Add every stop on a multi-city trip and get a timeline of local times, UTC offsets, daylight hours, and jet lag adjustment windows for each leg.


Your Trip


How It Works

Local times and UTC offsets

Each destination carries an IANA time zone name such as Asia/Tokyo. The planner asks your browser for the UTC offset of that zone on the date you arrive, so daylight saving transitions are handled automatically; a trip to London in January and the same trip in July produce different offsets. Nothing is sent to a server and no time zone table ships with the page.

Daylight hours

Sunrise and sunset come from the standard sunrise equation. For the latitude and longitude of the city the tool works out solar noon for that day, then the sun's declination, then the hour angle at which the sun sits 0.833° below the horizon (the usual allowance for atmospheric refraction and the sun's radius). Daylight length is the span between the two. Above the polar circles the equation has no solution for part of the year; the planner reports midnight sun or polar night instead of inventing a sunrise.

The body clock model

Your body clock does not jump when the plane lands; it drifts. The planner tracks it as an offset that starts aligned with home and then moves toward each destination while you are there:

  • Flying east means the local clock is ahead and you must advance. Advancing is the harder direction, so the model uses about 1 hour per day.
  • Flying west means the local clock is behind and you must delay. Delaying is easier, so the model uses about 1.5 hours per day.
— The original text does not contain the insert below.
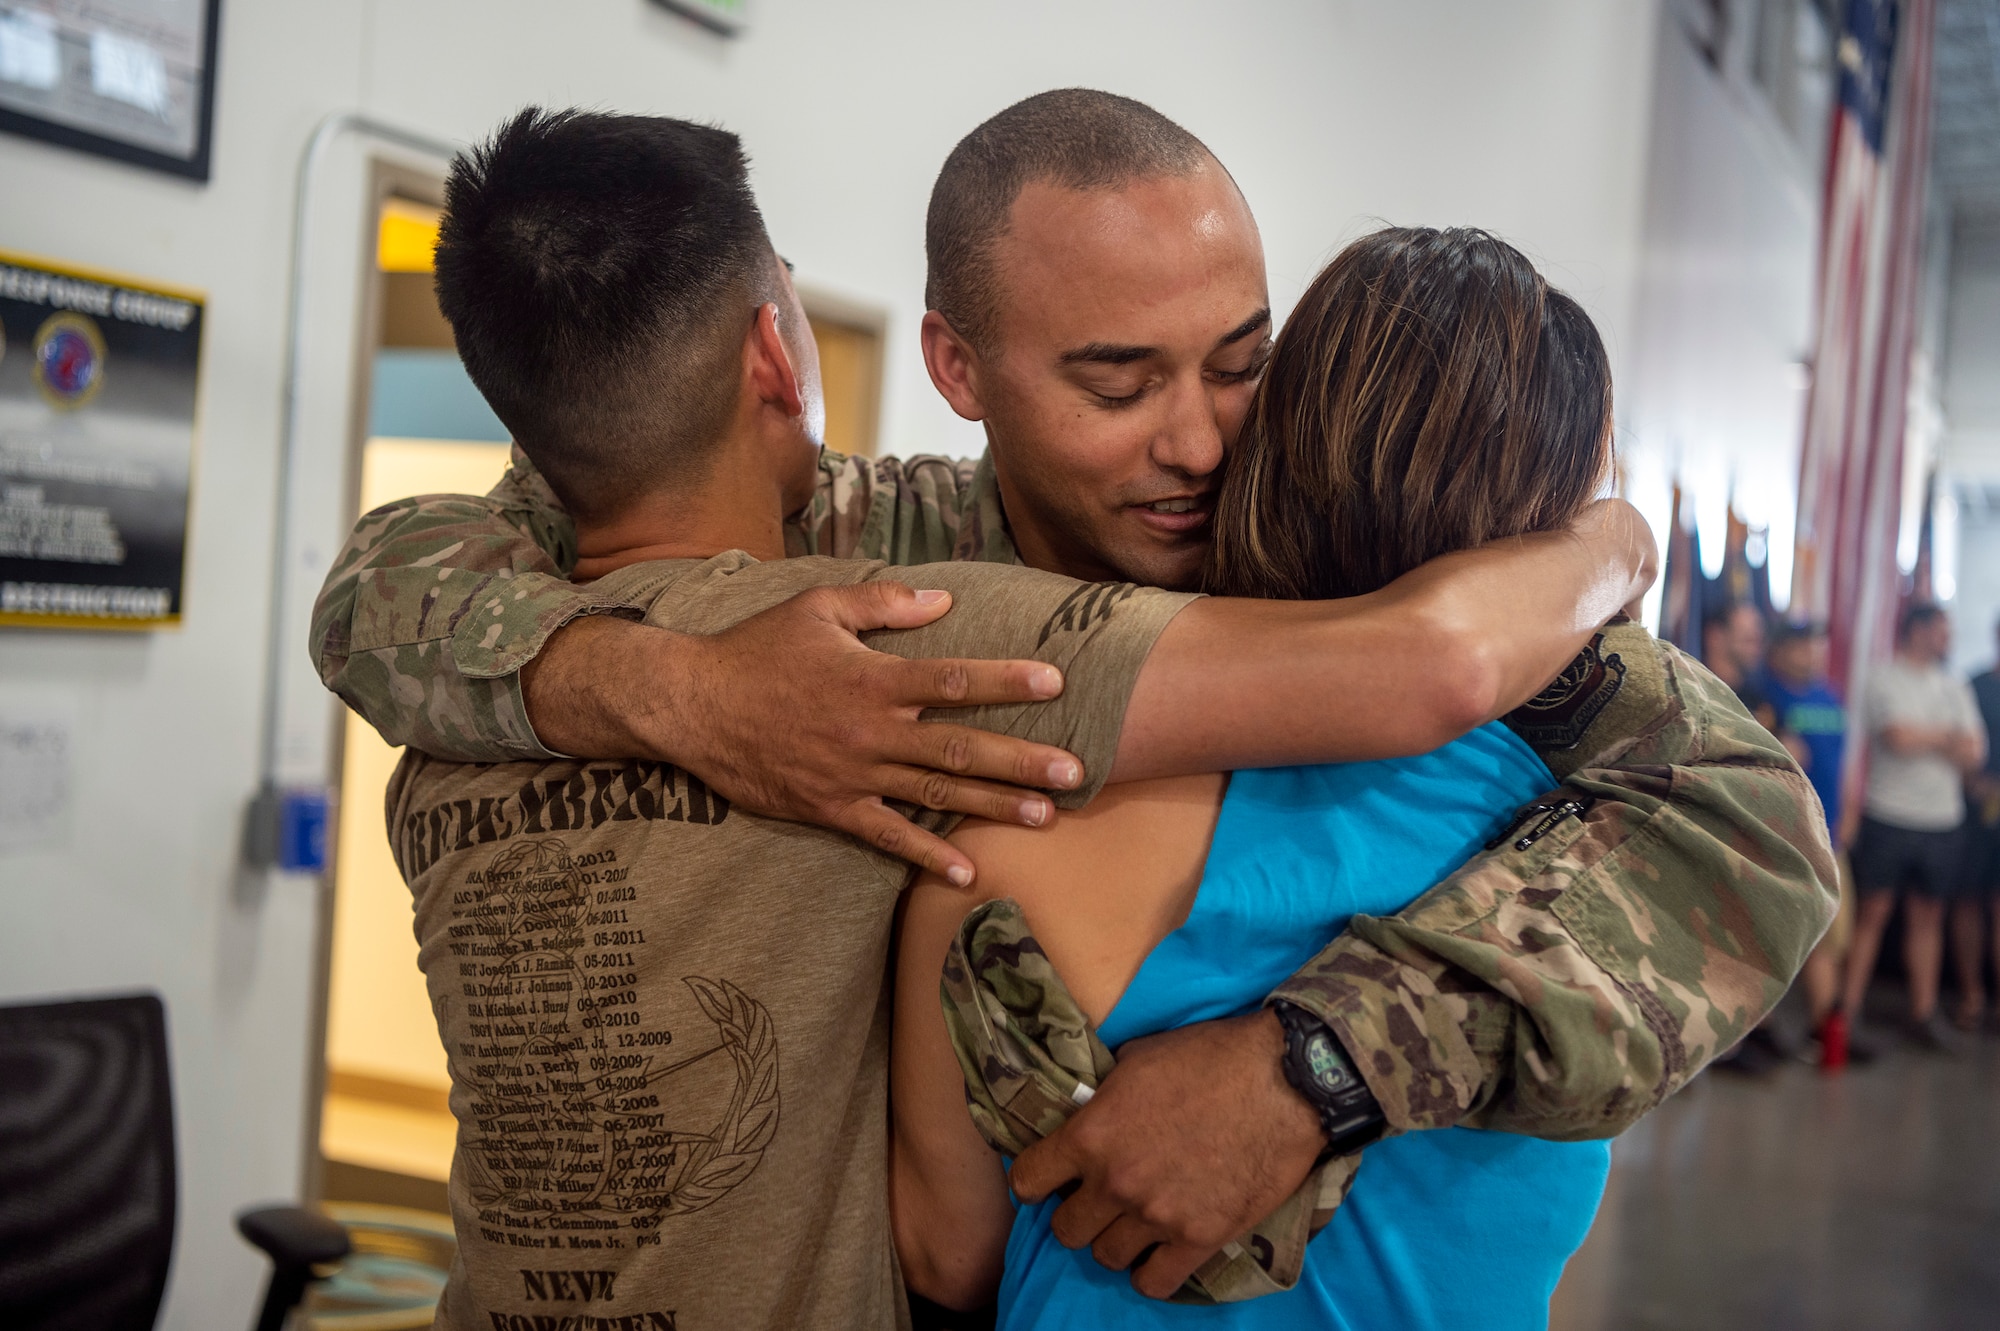 Senior Airman Laurence Pierre, 921st Contingency Response Squadron defender, hugs friends after arriving to the Global Reach Deployment Center June 19, 2021, at Travis Air Force Base, California. Devil Raiders supported retrograde operations in the Central Command area of responsibility as part of Task Force 74. (U.S. Air Force photo by Master Sgt. David W. Carbajal)

Any shift left over when you board the next flight is carried into the following leg. This is what makes a multi-stop trip different from a single hop: arrive in Singapore still four hours out of phase and the flight to Sydney starts from that four-hour deficit, not from zero.

Jet lag adjustment windows

The anchor is your core temperature minimum, roughly two hours before your habitual wake time. Light landing after that point pushes your clock earlier; light landing before it pushes your clock later. The planner places that low point on the destination clock and marks the windows accordingly:

  • Advancing (east): seek bright light in the four hours after the low point, avoid light in the four hours before it.
  • Delaying (west): seek bright light in the evening before the low point, avoid light in the morning after it.

Getting this backwards is worse than doing nothing, because light in the wrong window drags your clock away from local time. When a window falls in darkness a light box or a well-lit room is the practical substitute; when an avoid window falls in daylight, sunglasses and indoor light are enough.

Reading the strips

Every leg draws two bars covering local midnight to local midnight. The upper bar is the day, with the lit band running from sunrise to sunset and the vertical rule at solar noon. The lower bar is the light plan for arrival day, showing the seek window, the avoid window, and the sleep window your body clock is still running on.

Limits worth knowing
  • Shift rates are population averages; morning types tend to advance more easily than evening types, and adjustment slows with age.
  • Sunrise and sunset are computed for a flat horizon at sea level, so mountains and tall cities shift real first light by minutes.
  • For stays of two nights or fewer the model often reports that full adjustment is not worth attempting; staying on home time is usually the better play.
  • The plan covers light and sleep timing only. It is not medical advice.